Choose a topological disc $D$ on the two-torus $T$, and choose a Riemannian metric so that $D$ has very close Gromov-Hausdorff distance (say $\le 1$) to a segment of length $20$, while $T\smallsetminus D$ has diameter $\le 1$ (so metrically $D$ is predominant, while all the homotopic part lies in $T\smallsetminus D$. Also assume (just to fix ideas) that there exists $x_0\in D$ such that $d(x_0,D)=20$ (so $x_0$ is the "opposite tip" of the segment). Again to fix ideas, suppose that $x_0$ is part a geodesic segment $(x_t)_{0\le t\le 10}$ such that $\sup_{x\in T}\inf_{t\in [0,20]}d(x,x_t)\le 1$.

Long torus picture

(On the picture, the complement of $D$ is the little left tip, including the handle, and $x_0$ is at the right tip.)
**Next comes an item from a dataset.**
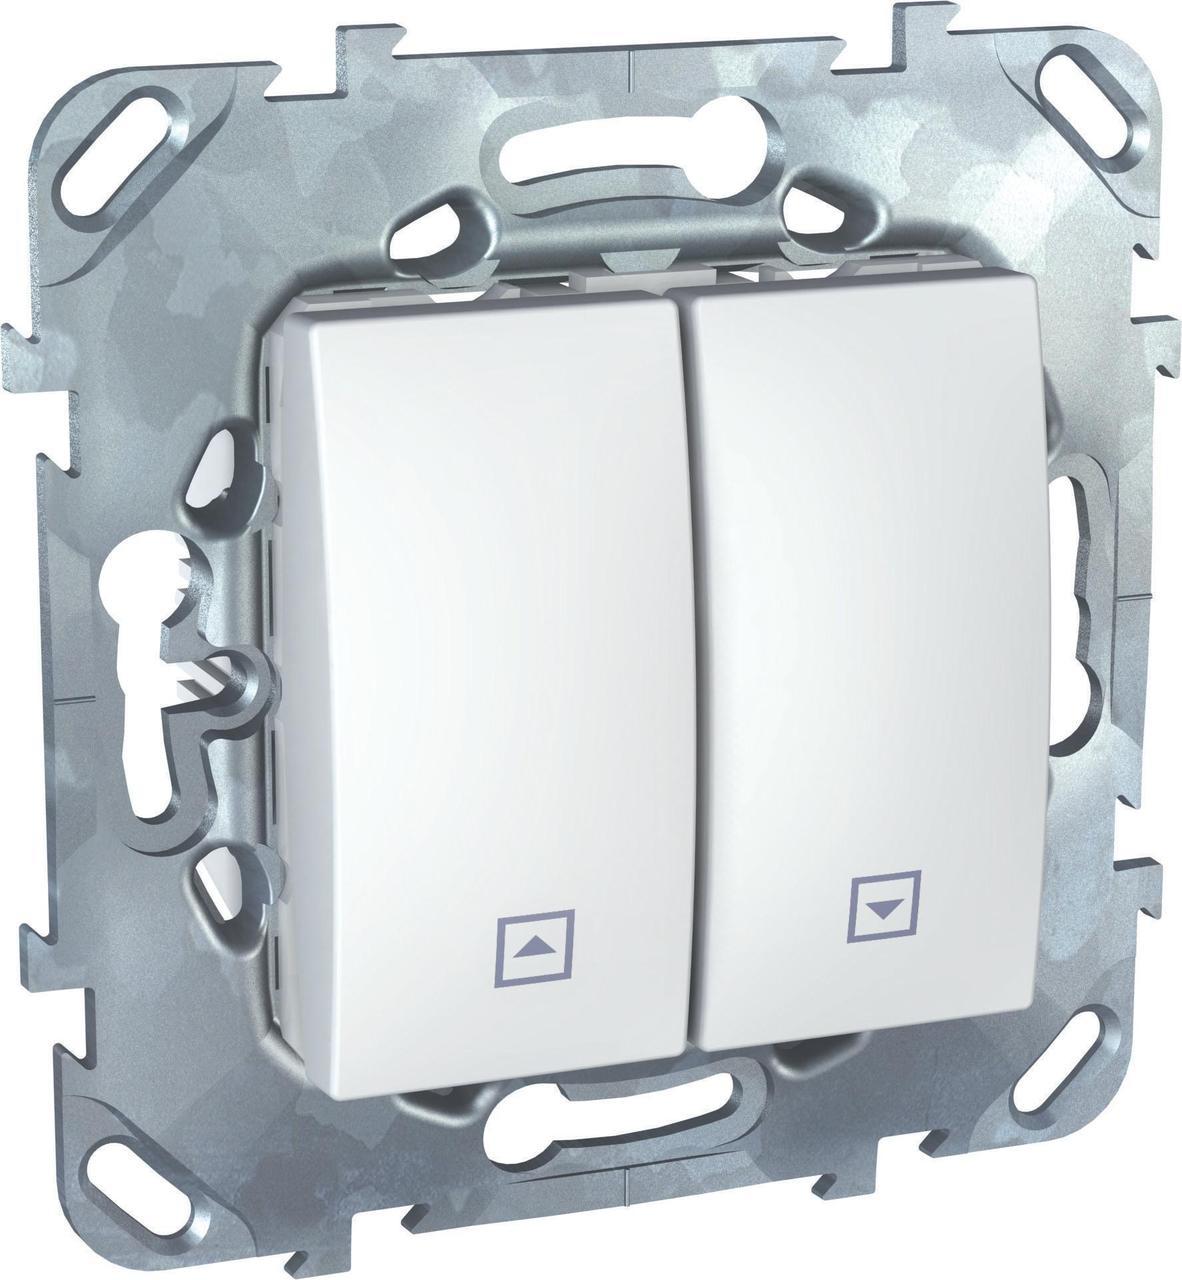 Выключатель для жалюзи (рольставней) кнопочный , Белый, серия Unica, Schneider Electric

Then $T$ (with this metric) has no large equilateral triangle: indeed if $r$ is the size of an equilateral triangle, such a triangle would be 1-close to a "triangle" $\{x_{t_1},x_{t_2},x_{t_3}\}$, with $t_1\le t_2\le t_3$ and $||t_i-t_j|-a\le 2$ for all $i\neq j$. So $t_3-t_1\le a+2$, $t_3-t_2,t_2-t_1\ge a-2$, hence $t_3-t_1\ge 2a-4$, so $2a-4\le a+2$, i.e., $a\le 6$.

Hence, if $f$ is an "equilateral" self-homeomorphism, we have $d(f(x),x)\le 6$ for all $x$. Let $B$ be the open $7$-ball around $x_0$. Then the open subset $U=B\cup f(B)\cup f^{-1}(B)$ is $f$-invariant, and contained in the $13$-ball around $x_0$. The connected component $U'\subset U$ of $x_0$ contains the $f$-orbit of $x_0$.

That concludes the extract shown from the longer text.